To improve data-efficient learning, several successful approaches have been proposed from different perspectives, such as leveraging unlabeled data for semi-supervised self-training [16, 1, 15] or self-supervised pre-training [19, 1, 12], distilling priors from data as explicit constraints for model training [10, 9], generating new data with the imaging of an anatomy of a different modality [8, 11], or utilizing appropriate data augmentation methods to increase data diversity [5, 14, 2, 15]. Some of them are designated for medical images. Particularly, Zhou et al. [19] designed a unified self-supervised learning framework, integrating multiple proxy tasks to exploit unlabeled medical data, and showed performance gains for downstream tasks. Xue et al. [17], and Shin et al. [13] used GANs to generate additional training data for histopathology image classification and brain tumor segmentation. The quality of the “realness” of synthesized training data dramatically affects model performance due to the risk of overfitting to fake data. Eaton et.al. [3] studied Mix-up [18] augmentation for brain tumor segmentation. However, it requires a specific patch-level operation which involves complicated strategies, e.g. sampling of small patches to be mixed up.
Distinct from the trend of using increasingly sophisticated methods like GANs, we investigate “Copy-Paste”, a straightforward augmentation technique [4, 2] that has been recently revisited and made breakthroughs in natural image instance segmentation [5]. Copy-Paste augmentation avoids costly generation processes from representation space to pixel space by simply pasting the labeled instance onto new background images as additional training data. Despite its success in natural images, such method is largely unexplored in the medical image realm. Moreover, its effectiveness for medical tasks remains doubtable since the context information tends to be ignored in Copy-Paste. For instance, in the tumor segmentation, one would argue the importance of surrounding visual clues, i.e., context, for the emergence of a tumor. Besides, one would believe the inherent anatomical structures in medical image make the context indispensable for tumor segmentation. In this work, we also aim to fill the gap of understanding the role of context in medical domain by examining the effectiveness of Copy-Paste augmentation for tumor segmentation.
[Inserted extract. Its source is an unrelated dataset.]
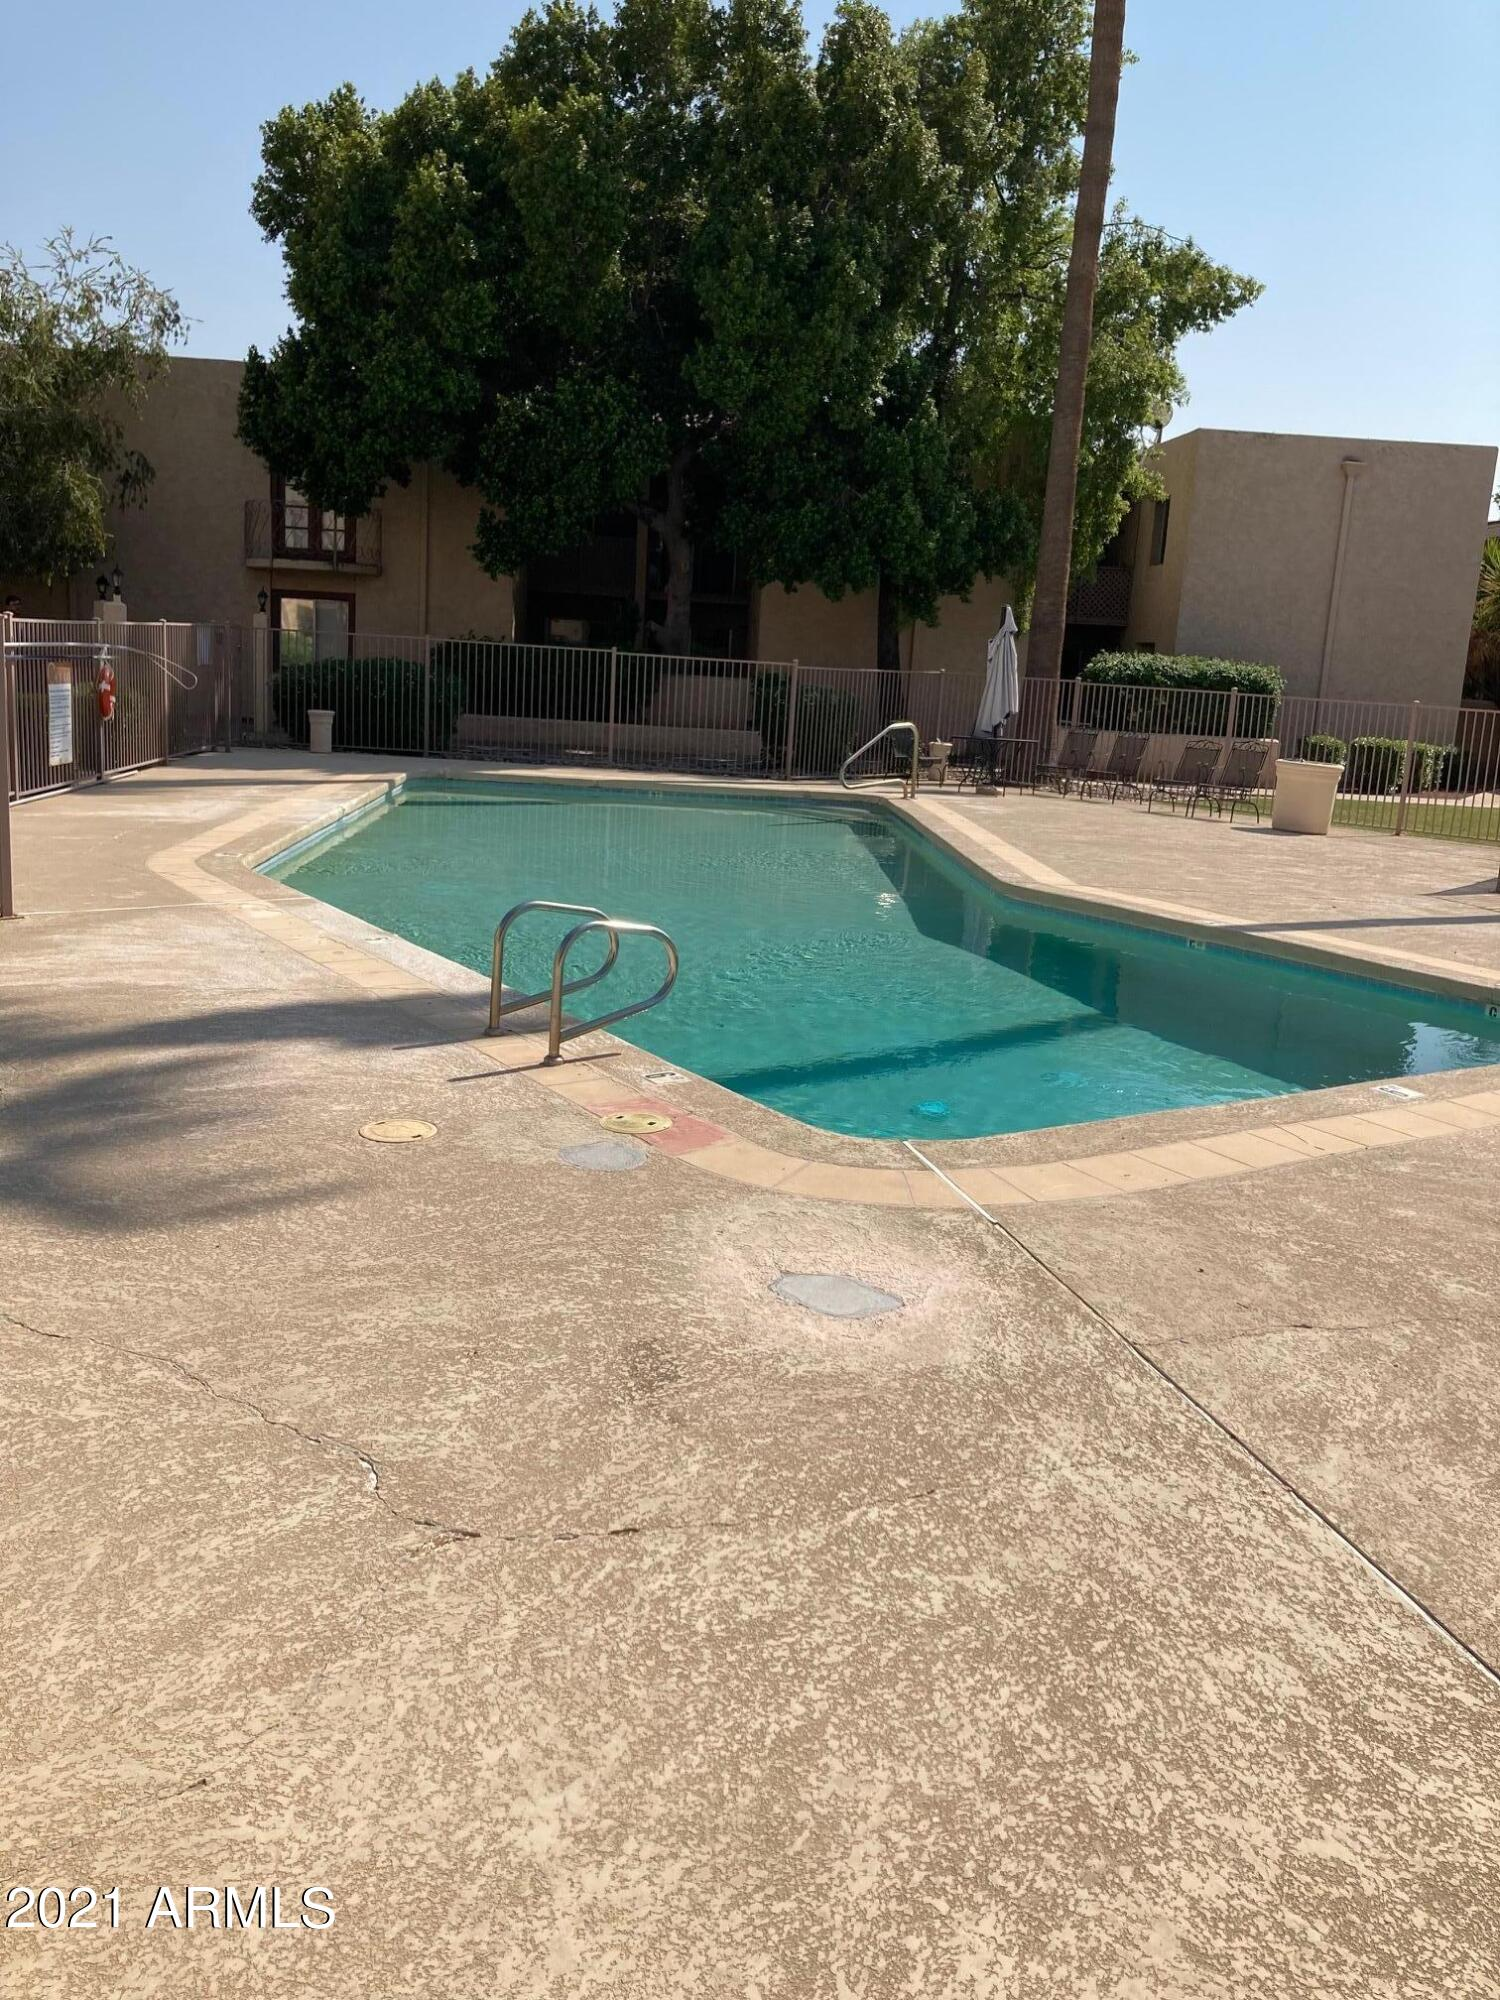 MLS 6293503 3313 N 68TH Street Unit 243, Scottsdale, AZ 85251 Scottsdale AZ Old Town Scottsdale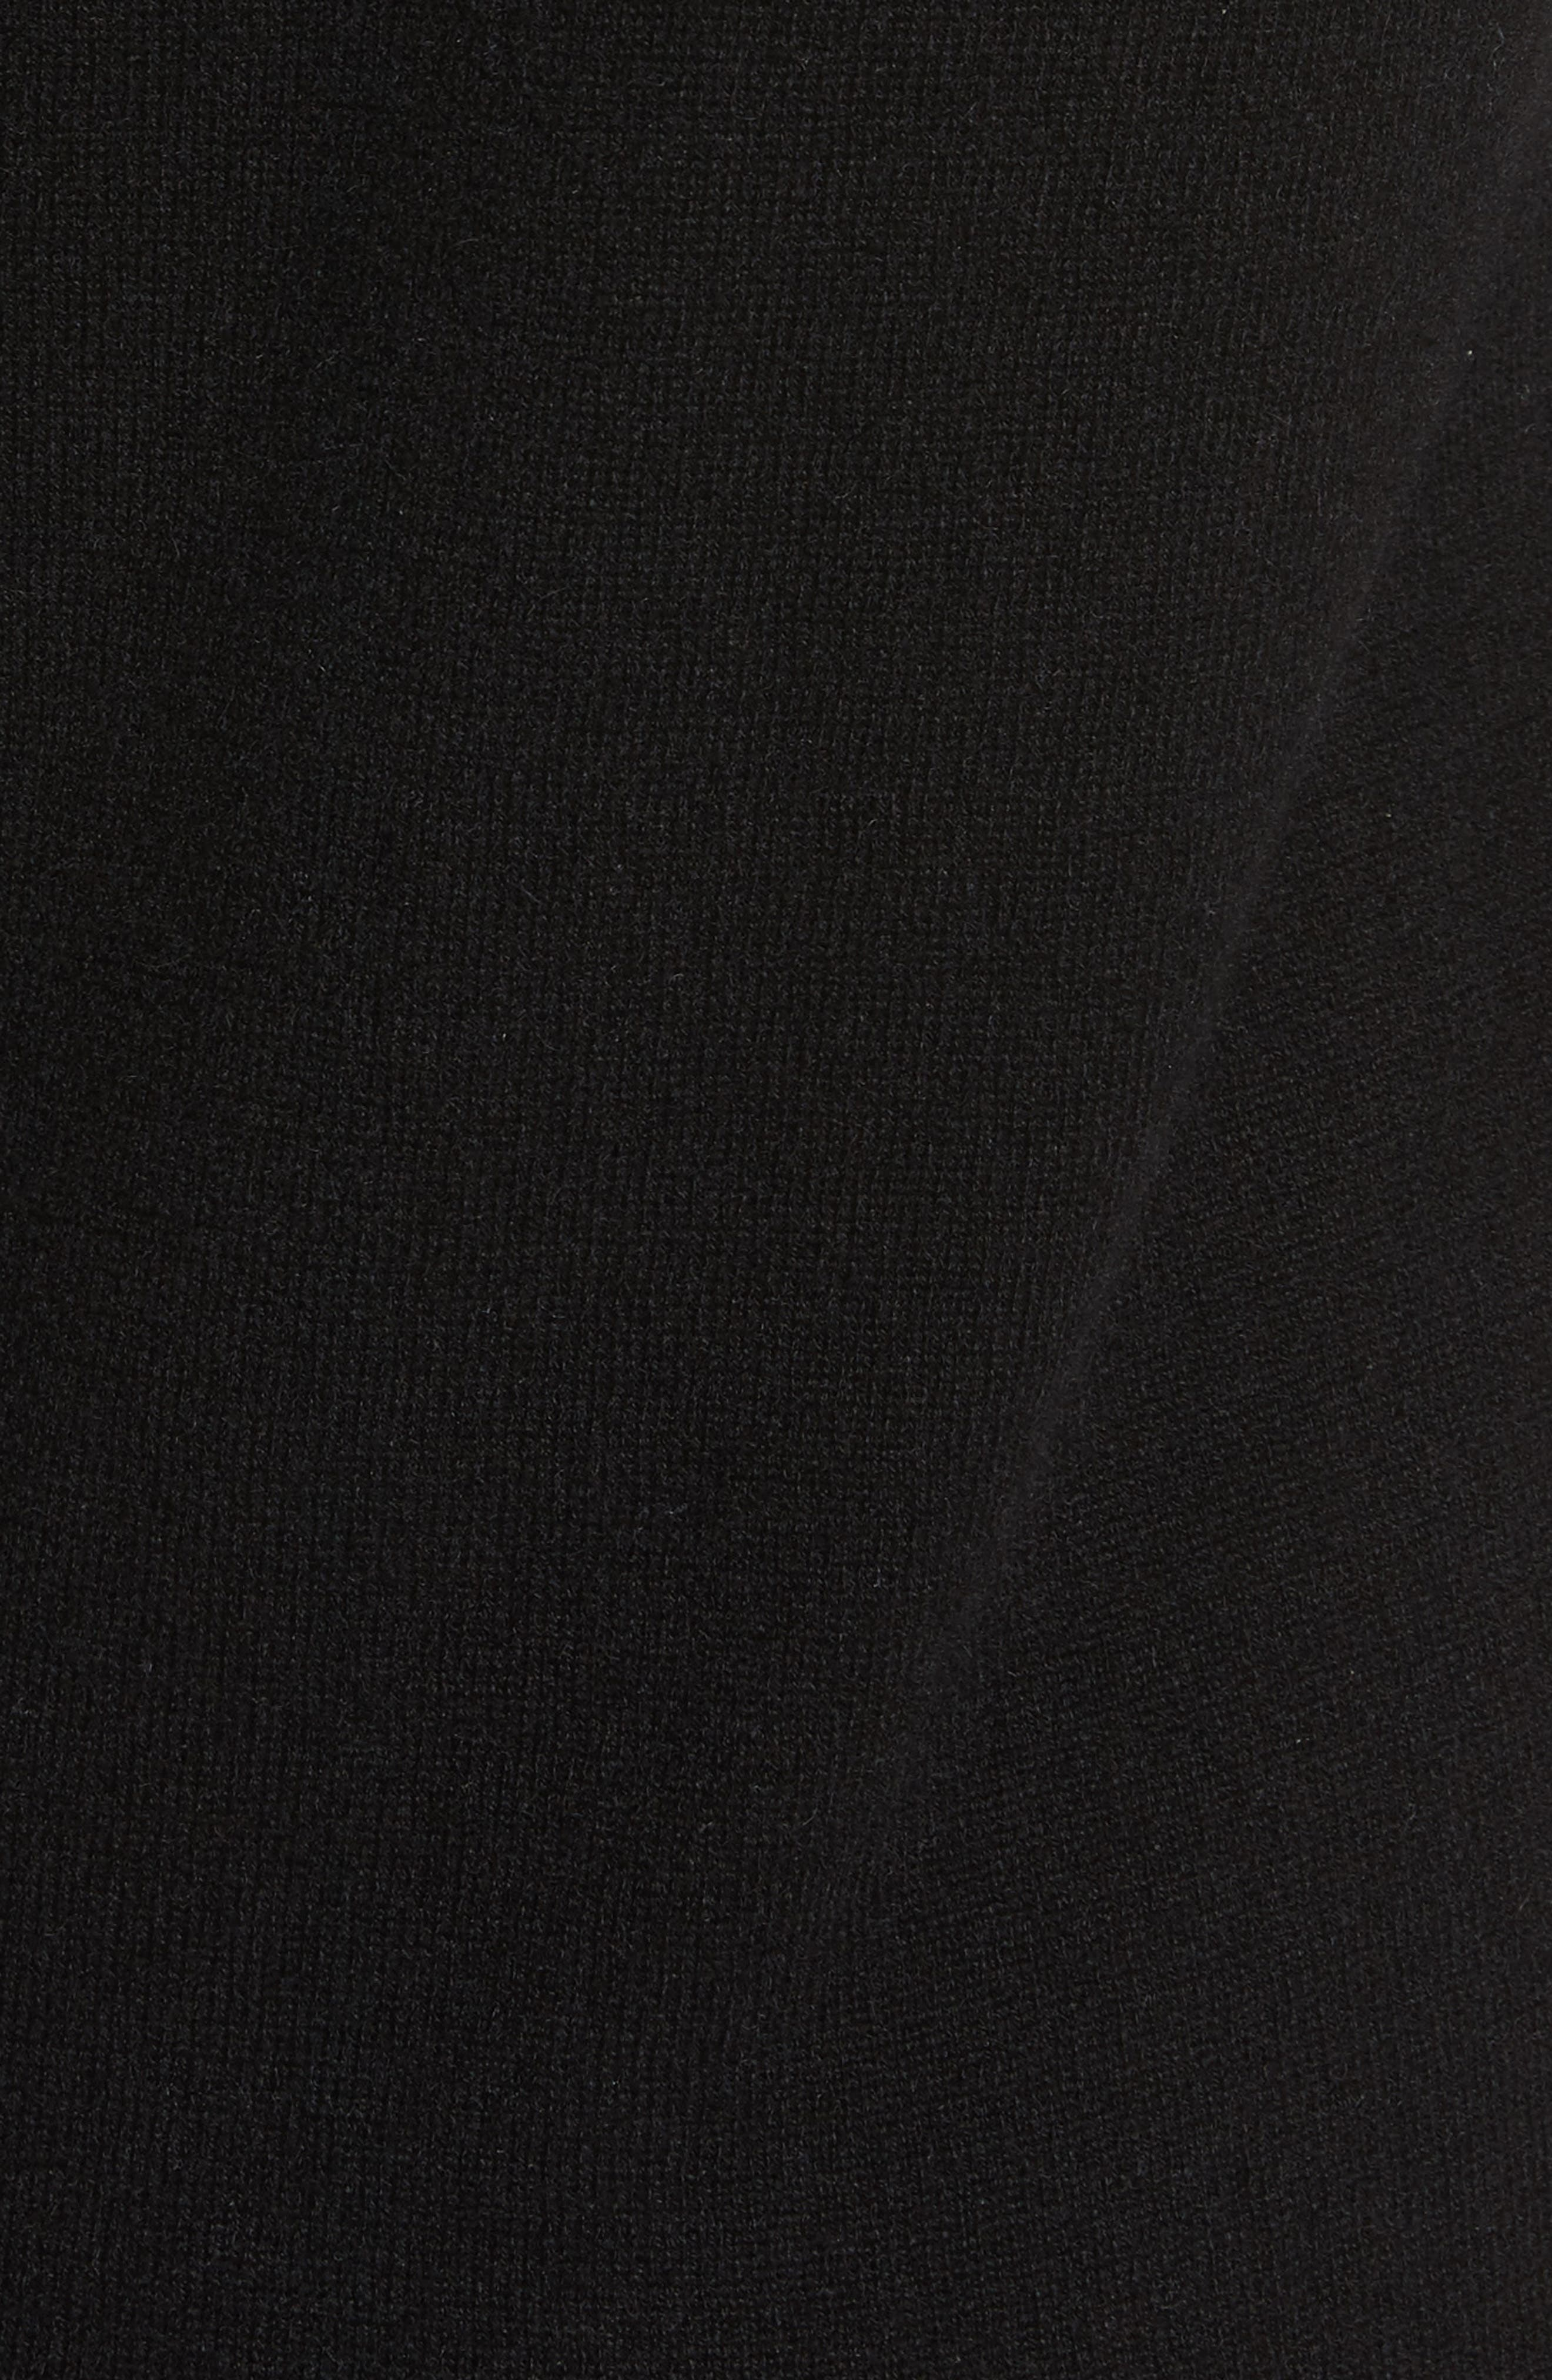 Snyder Cashmere Knit Midi Dress,                             Alternate thumbnail 5, color,                             001

We propose TumorCP, a simple but effective object-level data augmentation method based on Copy-Paste for tumor segmentation tasks. Straightforwardly, TumorCP randomly chooses a tumor from a source image and paste it onto the organs in the target image after a series of spatial, contrast, and blurring augmentations. We use kidney tumor segmentation (KiTS19 dataset [6]) and a state-of-the-art model (nnUNet[7]) as the benchmark to evaluate the proposed method. We empirically show that though TumorCP inevitably generates artifacts after Copy-Paste, it consistently provides solid gains over all different settings in our experiments. Specifically, with only rigid spatial transformation and Copy-Paste within the same patient, TumorCP can surpass the baseline by 6.24% tumor Dice. Together with inter-patient Copy-Paste and other tumor-oriented augmentations, TumorCP further outperforms the baseline by 7.12% tumor Dice. Moreover, with image-level data augmentation (ImgDA), our best version beats state-of-the-art by 2.3%. Going one step further, we also study TumorCP for extremely low-data regime, where only 10% labeled data are exploited for training. Under this setting, TumorCP with ImgDA can improve the tumor Dice by 21.87% compared with no-data-augmentation (noDA), which is unprecedented to our knowledge, convincingly demonstrating the effectiveness of TumorCP for data-efficiency learning.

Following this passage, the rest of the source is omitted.